作为肌肉特异表达的E3泛素连接酶,三结构域蛋白63(tripartitemotif-containing63,Trim63)和F-box蛋白32(F-boxprotein32,Fbxo32)调控了绝大多数肌浆蛋白和肌肉生长调控因子的降解。Trim63和Fbxo32于2001年被发现在几乎所有的肌肉萎缩的模型中都明显上调,并且在人和大鼠中都只在骨骼肌和心脏中表达。在Trim63和Fbxo32敲除后,小鼠都表现出显著的抗肌肉萎缩的能力,并且在生长和繁殖方面表现完全正常。但是对于敲除TRIM63后肌肉量变化并无系统研究。
有研究表明,小鼠双等位基因敲除Trim63和Trim55之后,能够表现自发的心肌病。但是当小鼠的四个等位基因中的一个尚未缺失时(Trim63-/-//trim55+/-或Trim63+/-,Trim55-/-),敲除鼠与野生鼠无异(WillisMSetal.Muscleringfinger1andmuscleringfinger2arenecessarybutfunctionallyredundantduringdevelopmentalcardiacgrowthandregulateE2F1-mediatedgeneexpressioninvivo.CellBiochemFunct.2014Jan;32(1):39-50.doi:10.1002/cbf.2969.Epub2013Mar20.)。而单独缺失Trim63双等位基因的小鼠,需经过主动脉缩窄术才能诱导出心肌肥大的症状,若未经手术,则无法出现Trim63-/-鼠的病理表型(WillisMS,IkeC,LiL,etal.Muscleringfinger1,butnotmuscleringfinger2,regulatescardiachypertrophyinvivo.CircRes.2007;100:456–9.)。这与人类发生肥厚型心肌病的机理有极大的不同。
而对于猪等大动物,目前尚未有Trim63基因对于肌肉量的维持以及肥厚型心肌病的功能方面的研究。
猪作为主要家畜之一,由于存在肉类市场方面的需求,需要制备高肌肉量克隆猪。而猪的心脏结构与人类几乎一模一样,是人类心血管研究中最重要的一种模式生物,构建肥厚型心肌病疾病模型有助于人类加深对该类疾病的认识,从而提供更多更好的治疗方案。因此,亟需一种能够获得该模型克隆猪的方法。
发明内容
为了解决现有技术中存在的问题,本发明的目的是提供Trim63基因在制备高肌肉量及肥厚型心肌病模型克隆猪中的应用以及一种高肌肉量及肥厚型心肌病表型的克隆猪的制备方法。
为了实现本发明目的,本发明的技术方案如下:
第一方面,本发明提供Trim63基因在制备高肌肉量及肥厚型心肌病模型克隆猪中的应用。

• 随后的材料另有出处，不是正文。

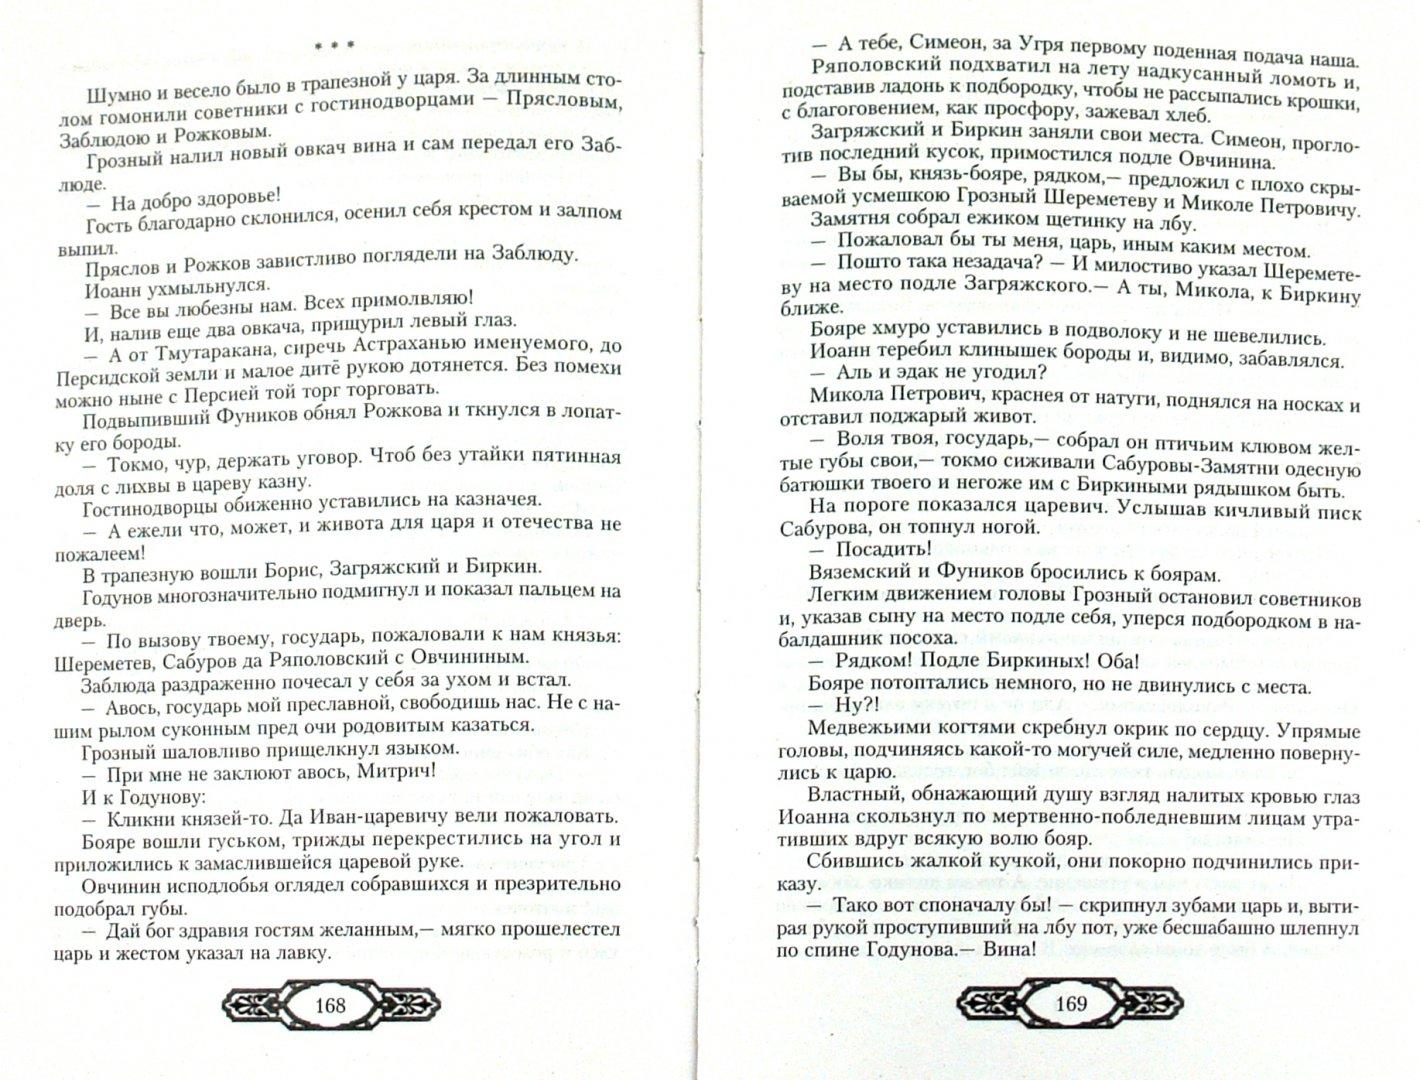 Иллюстрация 1 из 10 для Розмысл царя Иоанна Грозного - Константин Шильдкрет | Лабиринт - книги. Источник: Лабиринт

所述应用为将修饰猪Trim63基因的体细胞作为核移植供体细胞,卵母细胞为核移植受体细胞,通过体细胞核移植技术获得克隆胚胎;将克隆胚胎移入猪子宫内妊娠即可获得Trim63基因修饰后的高肌肉量及肥厚型心肌病模型克隆猪,无需再对克隆猪进行主动脉缩窄术等人工干预手段。
第二方面,本发明提供一种高肌肉量及肥厚型心肌病表型的克隆猪的制备方法,所述方法包括如下步骤:
1)根据特异性靶向Trim63基因第一外显子的sgRNA,构建针对Trim63基因第一外显子靶点的打靶载体;所述猪Trim63基因第1外显子的核苷酸序列如SEQIDNO.1所示,所述sgRNA的DNA序列如SEQIDNO.2和/或SEQIDNO.3所示;
2)将所述打靶载体转入猪成纤维细胞,获得阳性细胞克隆;以阳性细胞为核移植供体细胞,卵母细胞为核移植受体细胞,通过体细胞核移植技术获得克隆胚胎;将克隆胚胎移入猪子宫内妊娠获得Trim63基因修饰后的高肌肉量及肥厚型心肌病模型克隆猪。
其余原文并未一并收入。